Шло время. Условники работали на заводе, где мало что менялось. Они свыклись с двумя новичками из поселка. Те и впрямь оказались непритязательными. Александр через две недели восстановил трактор и чистил на нем дорогу, привозил из поселка все необходимое, даже почту. Но зима на Сахалине всегда была непредсказуема, как капризная женщина. Едва минуло Рождество, ударили свирепые морозы. Термометры зашкаливало за сорок. Влас уже не мог присесть в дизельной, скамейка обжигала холодом. Он топтался вокруг движка, чтобы не примерзнуть к бетонному полу, грел руки дыханием.

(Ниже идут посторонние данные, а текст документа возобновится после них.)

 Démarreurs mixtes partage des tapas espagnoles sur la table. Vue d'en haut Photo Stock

Находиться здесь до ночи не было сил. Мороз леденил саму душу. Нелегко приходилось и Дамиру с Михаилом. В цехах – холод, сырость, но изменить ничего нельзя. Спасались в бытовке, где можно было глотнуть наспех чаю, отогреть онемевшие руки и ноги, но все это ненадолго.

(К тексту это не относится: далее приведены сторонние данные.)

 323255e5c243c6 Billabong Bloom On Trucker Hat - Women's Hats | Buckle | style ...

– Ребята, разгрузите сани! Саша минтаевую икру привез! – слышат от дверей и бегом наружу.
Пока уложили ящики с икрой в штабель, прихватило водяные фильтры. Наросла корка льда на сетках.
– Ребята! Живее!
Так вот и не приметили черную тучу, поднявшуюся над сопками. Не увидели поземки, лизнувшей крыши жестким языком. Ветер крепчал с каждой минутой, а через час сорвался самим чертом: смешал почерневшее небо с сугробами и обрушился на все живое, хохоча страшно над головами, крышами, вообще всюду, где мог достать.
– Пурга! – ахнула Полина, выглянув из цеха.

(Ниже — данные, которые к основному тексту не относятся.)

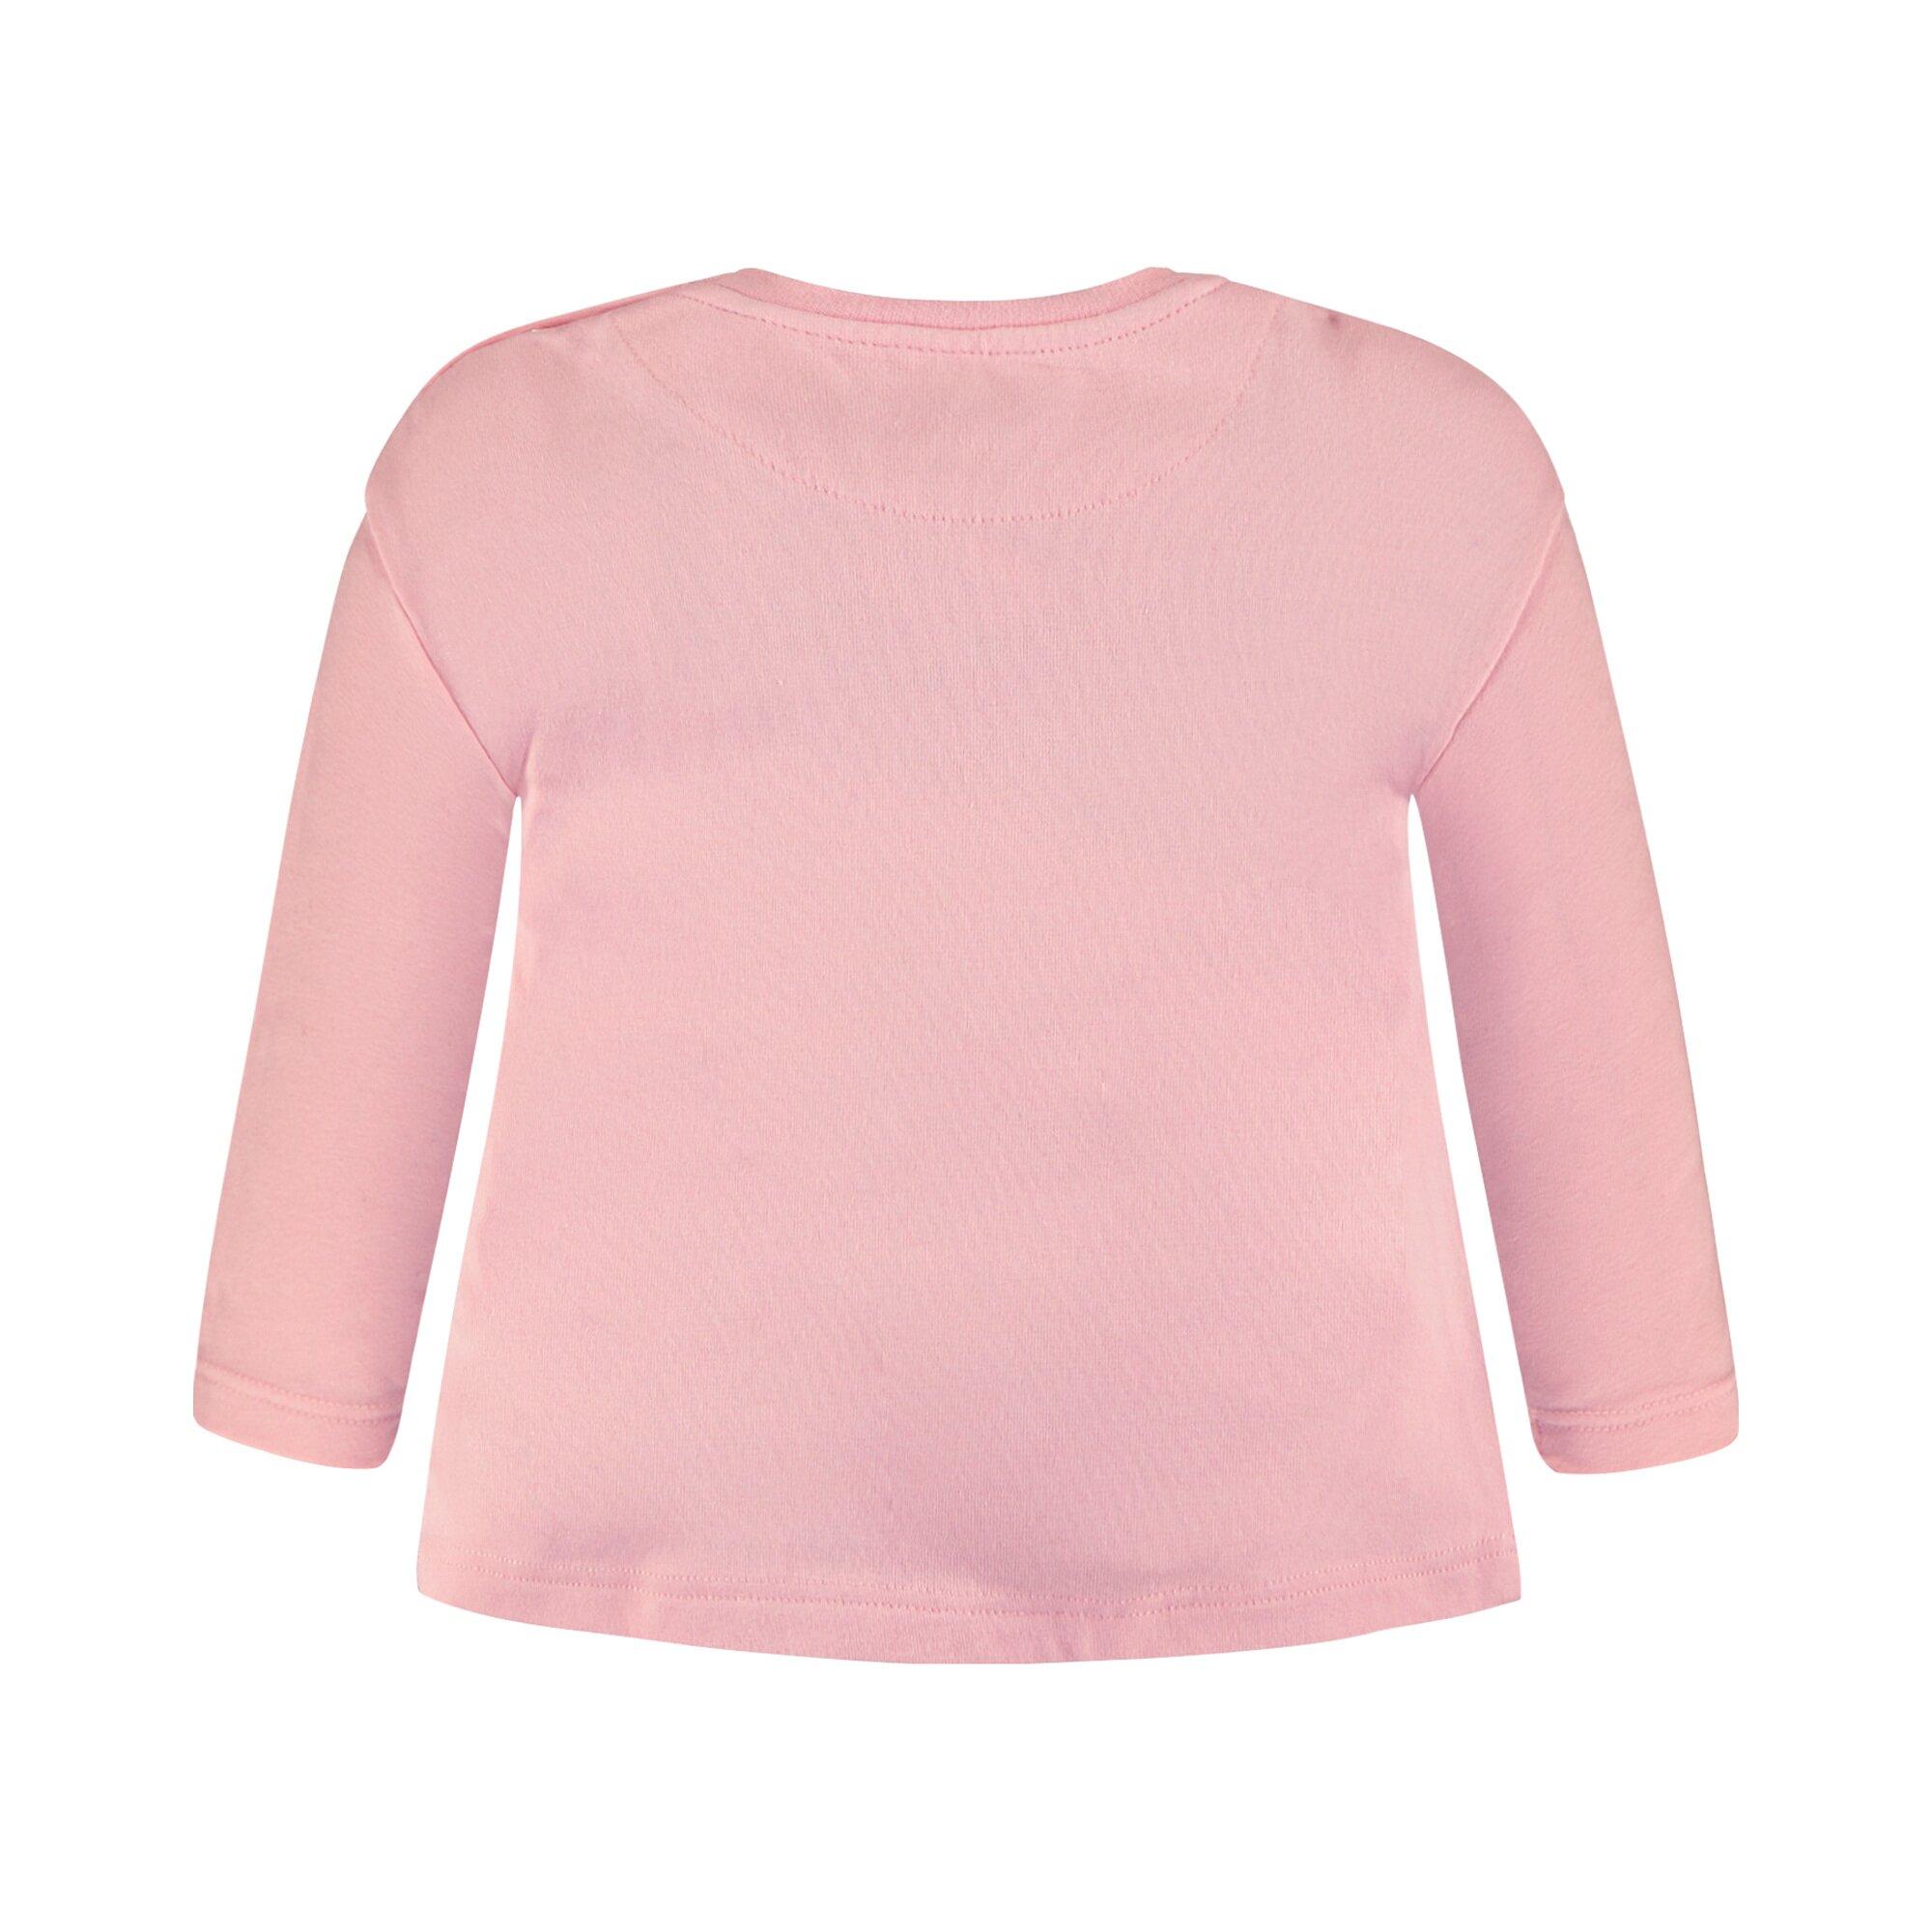 bellybutton-shirt-langarm-schafe

Она едва приоткрыла дверь. Порыв ветра рванул внезапно, открыл двери настежь. Женщина не успела разжать ладонь, не отпустила ручку двери, и ее, словно пушинку, сорвало ветром, понесло куда-то в снег, подальше от цеха. Устоять на ногах не каждому дано в такую пору. Не всякий мужчина рискнет выглянуть наружу. Дамир увидел и, крикнув Михаила, выскочил из цеха.
– Куда вас понесло? – услышали за спинами запоздалое. Кто кричал? Вокруг снег и ветер, они хлещут покруче целой банды. Снег слепит, обдирает, колет лицо и шею миллионами игл, ветер валит с ног. Дышать нечем. На бровях и ресницах мигом появились сосульки.
– Где Дамир? – протягивает руку Смирнов и видит ее лишь до локтя, ног не приметил совсем, узрел себя только по пояс. – Где я? Дамир! Михаил звал стукача, но в ответ – лишь рев ветра, хохот разгулявшегося бурана.
– Полина!
Кричит Михаил, зовет, не видя и не зная, куда идти в этом месиве снега и ветра.
«Назад! В цех!» – решает Смирнов. Но где он? Согнувшись чуть ли не пополам, сделал десяток шагов, наступил на что-то. Нагнулся рассмотреть, а это Полина пытается встать из сугроба. Ее валит ветер. Михаил только теперь понял, что шел в обратном направлении. Вырвал бабу из снега, потащил за собой, держа за руку. Новый порыв пурги чуть не вырвал Полину. У нее нет сил идти.
– Где ж этот цех? Сколько идем, его все нет! – злится Смирнов, пытаясь разглядеть хоть что-нибудь.
Вот ударился обо что-то. Угол дома. Чей он, ничего не понятно. Ощупал. Бревно. Пошел вдоль, пытаясь попасть на крыльцо. Нашарил окно. Стучит в окно, прильнув к стеклу. Да это ж Лидино окно. Ее нет дома, она в цехе.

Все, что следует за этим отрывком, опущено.